Problem description | From the line that contains "#AHS #Horror #TV" down to the last line of the listing below, reproduce each line exactly but not the pictures.

Provided data |
= Beginning of Section =

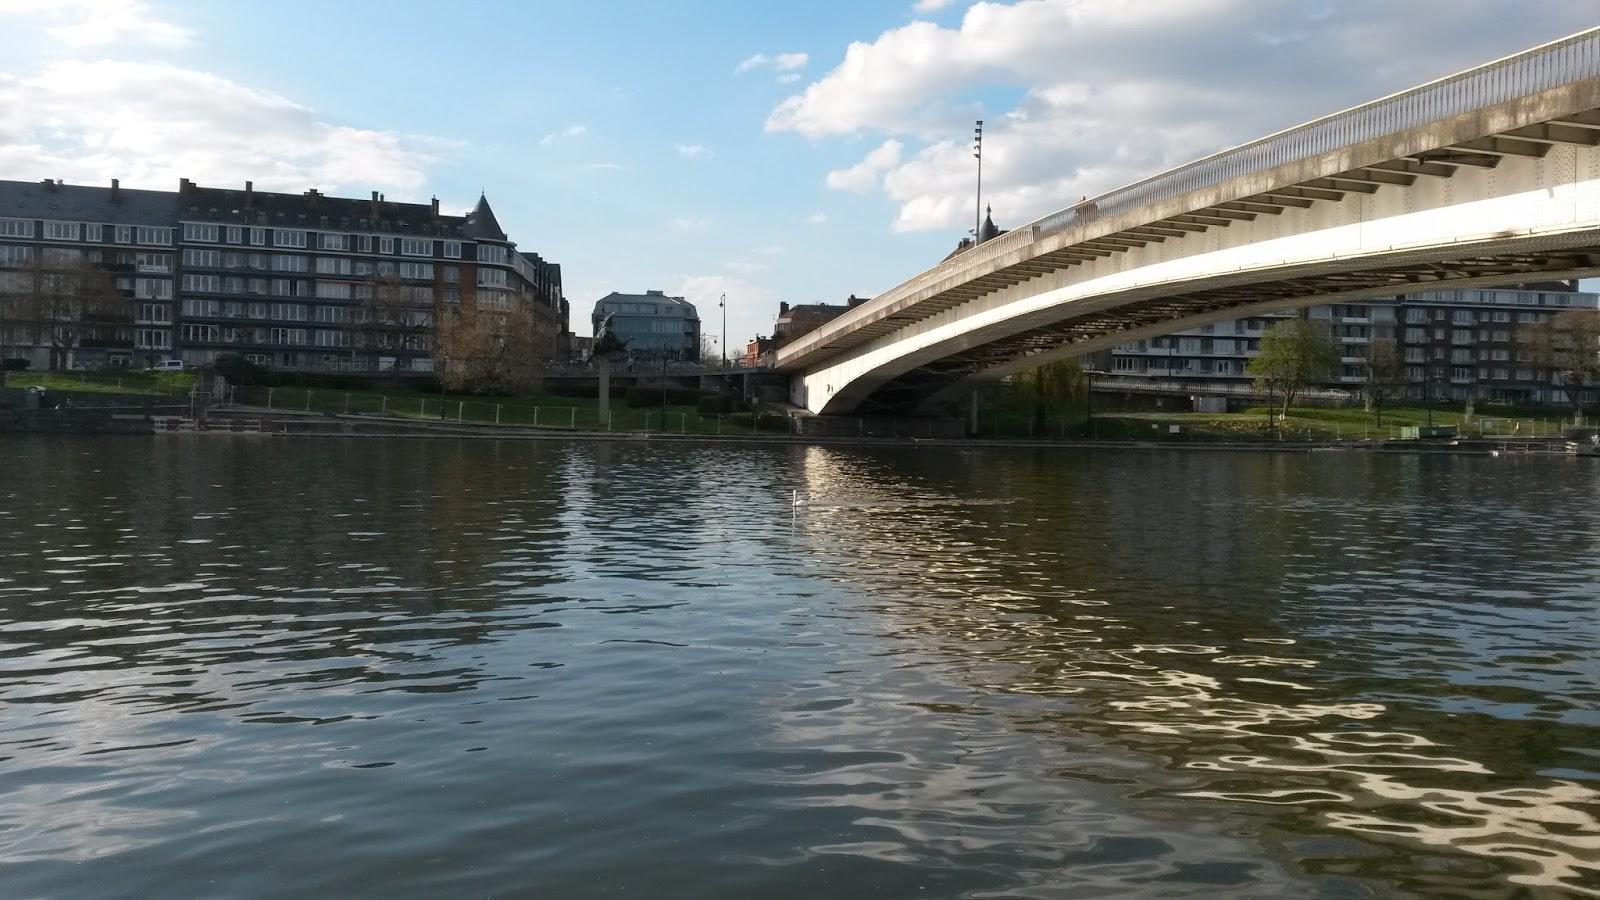 RAVeL 1 Centre (Part 5b) Tamines - Namur - Eurovelo 3 - Itinéraire n°6 - Page 4 2016-04-10%2B18.34.59
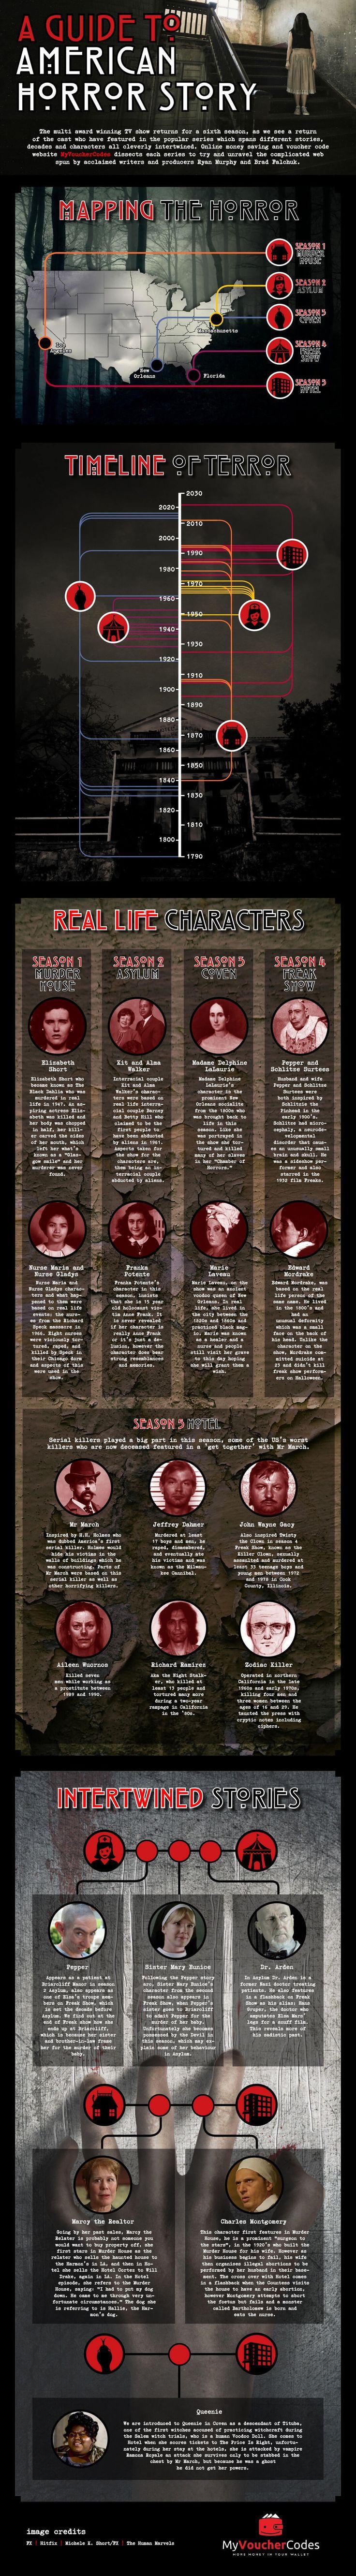 @MyVoucherCodes American Horror Story Infographic #AHS #Horror #TV
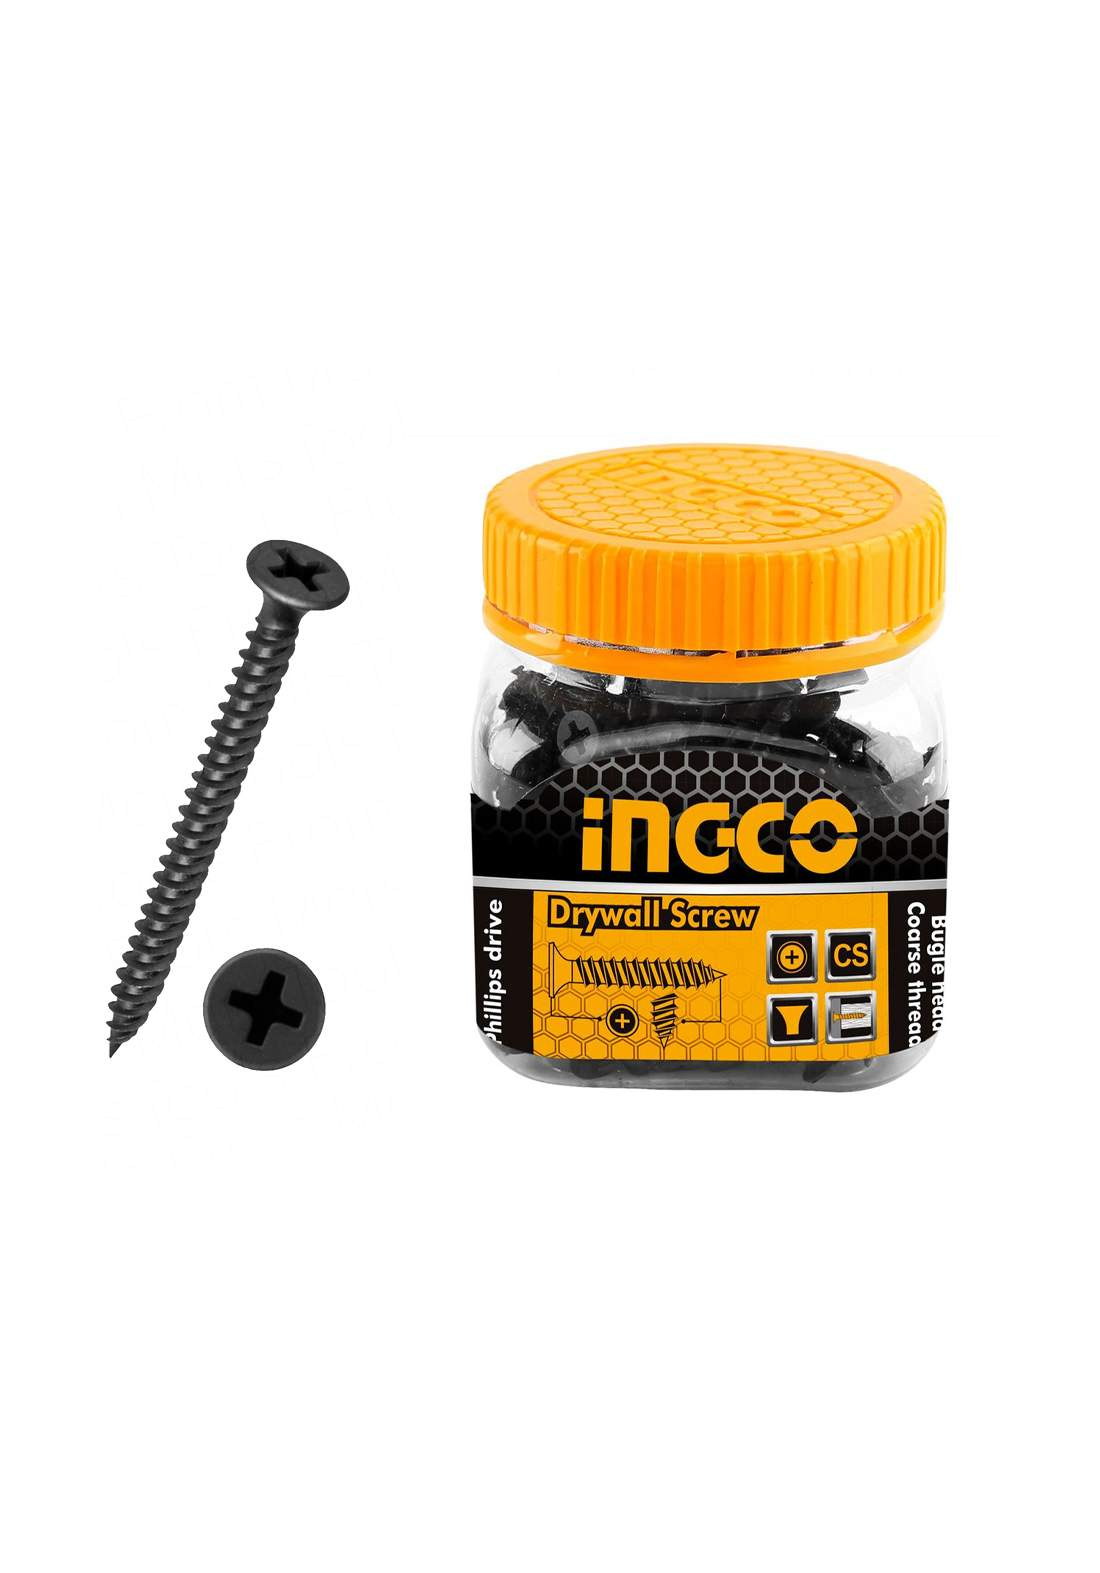 Ingco HWDS3503821 Drywall screw ST3.5 * 35 mm علبة براغي

= End of Section =

Finished exercise |
 @MyVoucherCodes American Horror Story Infographic #AHS #Horror #TV
 Ingco HWDS3503821 Drywall screw ST3.5 * 35 mm علبة براغي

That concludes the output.